Every entry is to be returned verbatim.

··· Material to process

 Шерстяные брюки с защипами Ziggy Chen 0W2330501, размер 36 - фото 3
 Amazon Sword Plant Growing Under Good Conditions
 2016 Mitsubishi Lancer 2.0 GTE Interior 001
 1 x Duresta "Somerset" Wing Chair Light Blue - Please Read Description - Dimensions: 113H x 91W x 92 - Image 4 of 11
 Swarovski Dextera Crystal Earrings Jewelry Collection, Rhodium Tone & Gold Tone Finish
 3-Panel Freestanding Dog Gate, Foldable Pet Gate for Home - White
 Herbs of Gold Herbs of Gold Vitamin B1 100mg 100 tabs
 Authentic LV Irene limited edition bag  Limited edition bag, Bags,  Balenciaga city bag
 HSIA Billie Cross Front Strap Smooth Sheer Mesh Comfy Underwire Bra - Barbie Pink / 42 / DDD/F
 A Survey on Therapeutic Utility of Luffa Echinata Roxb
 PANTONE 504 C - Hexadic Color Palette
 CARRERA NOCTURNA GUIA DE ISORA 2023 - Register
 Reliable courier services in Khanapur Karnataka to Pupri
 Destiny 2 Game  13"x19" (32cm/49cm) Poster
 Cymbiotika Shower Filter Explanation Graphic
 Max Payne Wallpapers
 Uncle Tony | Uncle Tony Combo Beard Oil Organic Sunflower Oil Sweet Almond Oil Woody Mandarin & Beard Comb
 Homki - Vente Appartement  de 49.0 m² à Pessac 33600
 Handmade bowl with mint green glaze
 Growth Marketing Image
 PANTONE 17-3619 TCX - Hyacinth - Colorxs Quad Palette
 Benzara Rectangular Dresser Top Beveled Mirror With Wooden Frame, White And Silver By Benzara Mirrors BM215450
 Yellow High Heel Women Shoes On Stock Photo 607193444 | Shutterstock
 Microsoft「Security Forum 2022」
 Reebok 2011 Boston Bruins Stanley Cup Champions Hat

······

**Reply to the task:**
 Шерстяные брюки с защипами Ziggy Chen 0W2330501, размер 36 - фото 3
 Amazon Sword Plant Growing Under Good Conditions
 2016 Mitsubishi Lancer 2.0 GTE Interior 001
 1 x Duresta "Somerset" Wing Chair Light Blue - Please Read Description - Dimensions: 113H x 91W x 92 - Image 4 of 11
 Swarovski Dextera Crystal Earrings Jewelry Collection, Rhodium Tone & Gold Tone Finish
 3-Panel Freestanding Dog Gate, Foldable Pet Gate for Home - White
 Herbs of Gold Herbs of Gold Vitamin B1 100mg 100 tabs
 Authentic LV Irene limited edition bag  Limited edition bag, Bags,  Balenciaga city bag
 HSIA Billie Cross Front Strap Smooth Sheer Mesh Comfy Underwire Bra - Barbie Pink / 42 / DDD/F
 A Survey on Therapeutic Utility of Luffa Echinata Roxb
 PANTONE 504 C - Hexadic Color Palette
 CARRERA NOCTURNA GUIA DE ISORA 2023 - Register
 Reliable courier services in Khanapur Karnataka to Pupri
 Destiny 2 Game  13"x19" (32cm/49cm) Poster
 Cymbiotika Shower Filter Explanation Graphic
 Max Payne Wallpapers
 Uncle Tony | Uncle Tony Combo Beard Oil Organic Sunflower Oil Sweet Almond Oil Woody Mandarin & Beard Comb
 Homki - Vente Appartement  de 49.0 m² à Pessac 33600
 Handmade bowl with mint green glaze
 Growth Marketing Image
 PANTONE 17-3619 TCX - Hyacinth - Colorxs Quad Palette
 Benzara Rectangular Dresser Top Beveled Mirror With Wooden Frame, White And Silver By Benzara Mirrors BM215450
 Yellow High Heel Women Shoes On Stock Photo 607193444 | Shutterstock
 Microsoft「Security Forum 2022」
 Reebok 2011 Boston Bruins Stanley Cup Champions Hat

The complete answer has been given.